Understanding how light interacts with living cells and tissues is the foundation of BU engineer Darren Roblyer’s medical device inventions, which can open up a whole new way of monitoring health
Here’s an experiment: Turn on your phone’s flashlight and place the tip of your finger over the small beam of light. What do you see? Your finger is illuminated, but the light isn’t passing entirely through. You’re looking at what’s called a diffusive glow, which is what happens when all the cells and molecules that make up your finger absorb and scatter the steady beam of light in an instant.

“The light changes direction millions of times so that it turns into a diffuse red glow,” explains Darren Roblyer, a Boston University College of Engineering associate professor of biomedical engineering. Understanding how light interacts with living cells and tissues is the foundation of his work. It might not be as simple as shining a phone flashlight on your finger, but the principles of diffusive glow apply to many of Roblyer’s medical device inventions for tracking health.
In the Biomedical Optical Technologies Lab, he and his team are testing ways to monitor biological processes—like blood pressure, oxygen levels, and disease progression—with light waves. For example, studying the way different wavelengths of light create patterns when absorbed and scattered can tell Roblyer about the metabolic signals in a person’s blood. Over the past several years, he’s developed a blood pressure monitoring device that does not involve a cuff squeezing your arm, with the aim of getting a more accurate reading than the current, sometimes uncomfortable, options.

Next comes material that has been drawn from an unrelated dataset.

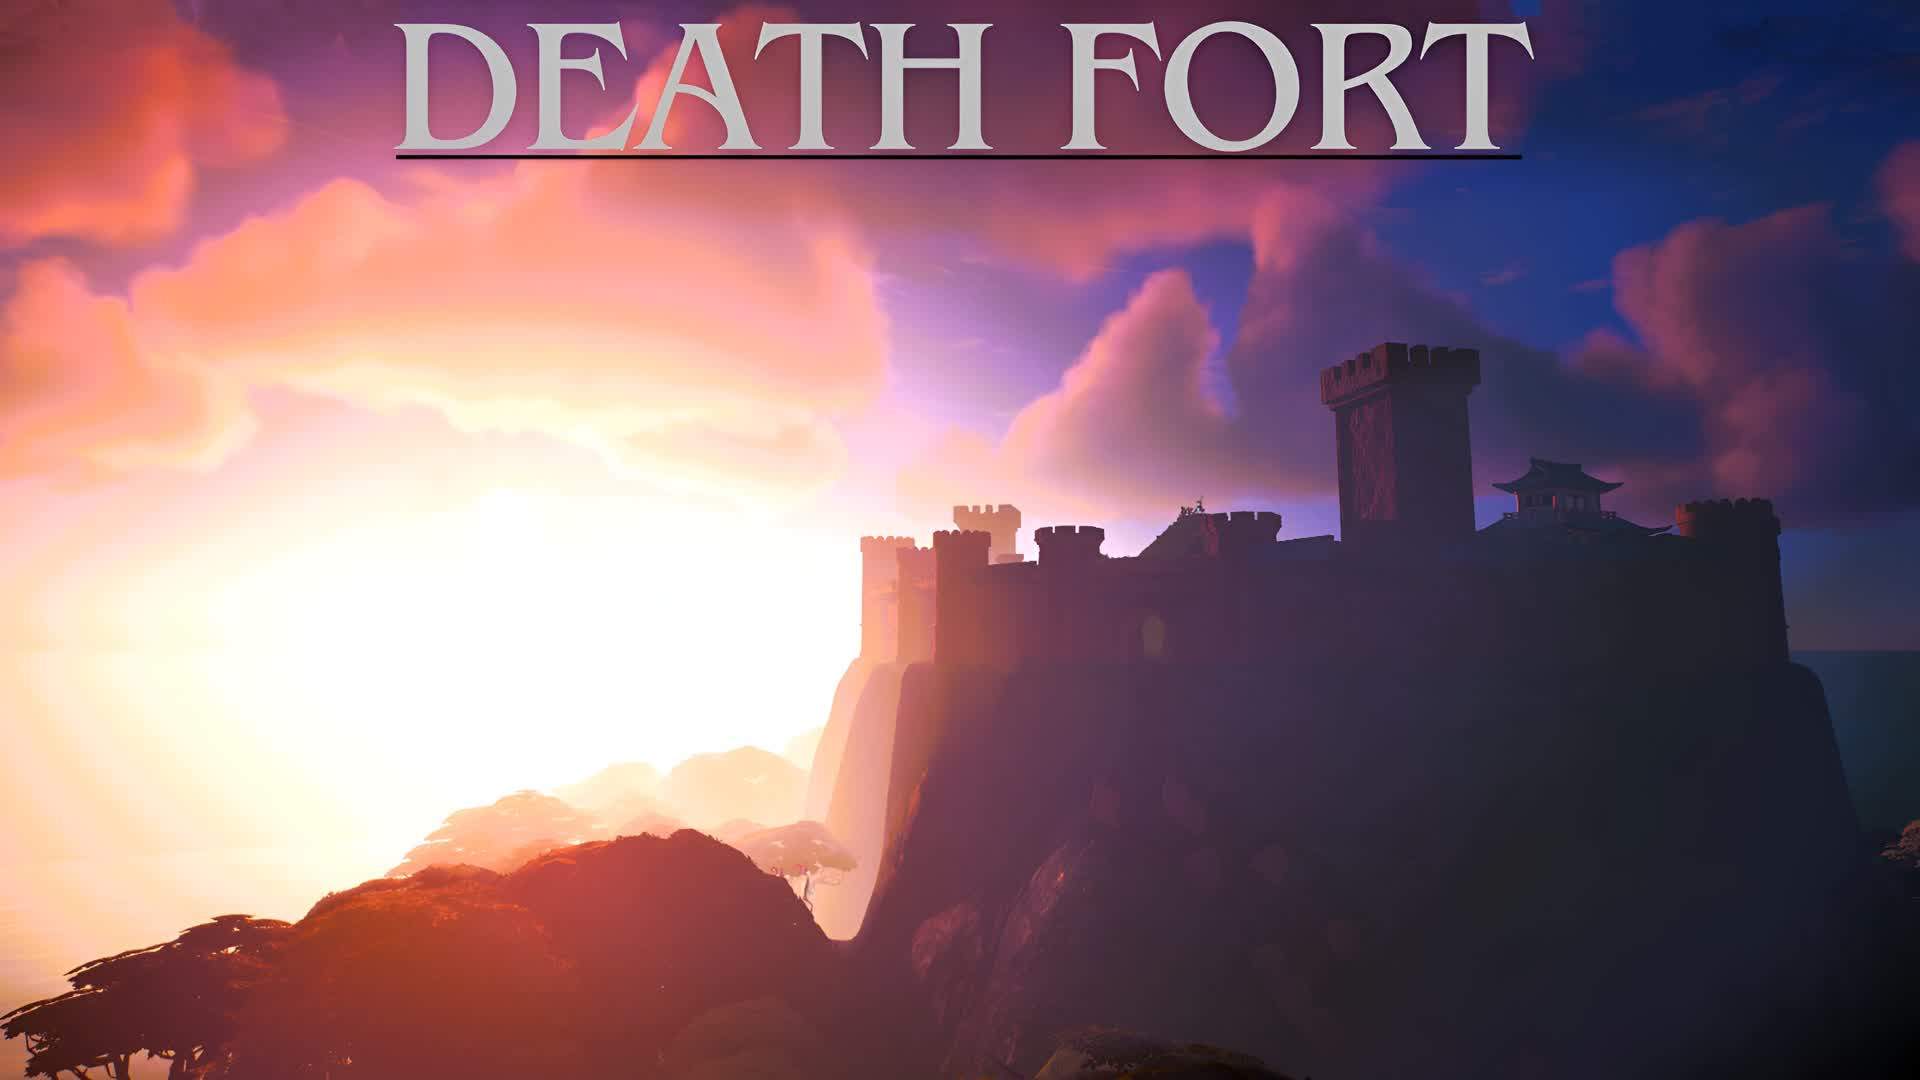 DeathFort

“This technology measures the optical effects of what happens when your heart beats,” says Roblyer, who’s also a member of the BU Photonics Center. Each time your heart beats, blood flow speeds up and then slows down, and, at the same time, arteries expand and contract, increasing and decreasing the volume of blood in the arteries. “We’re measuring both of those things, and we are extracting a whole lot of information from those waveforms and then using that to predict blood pressure.”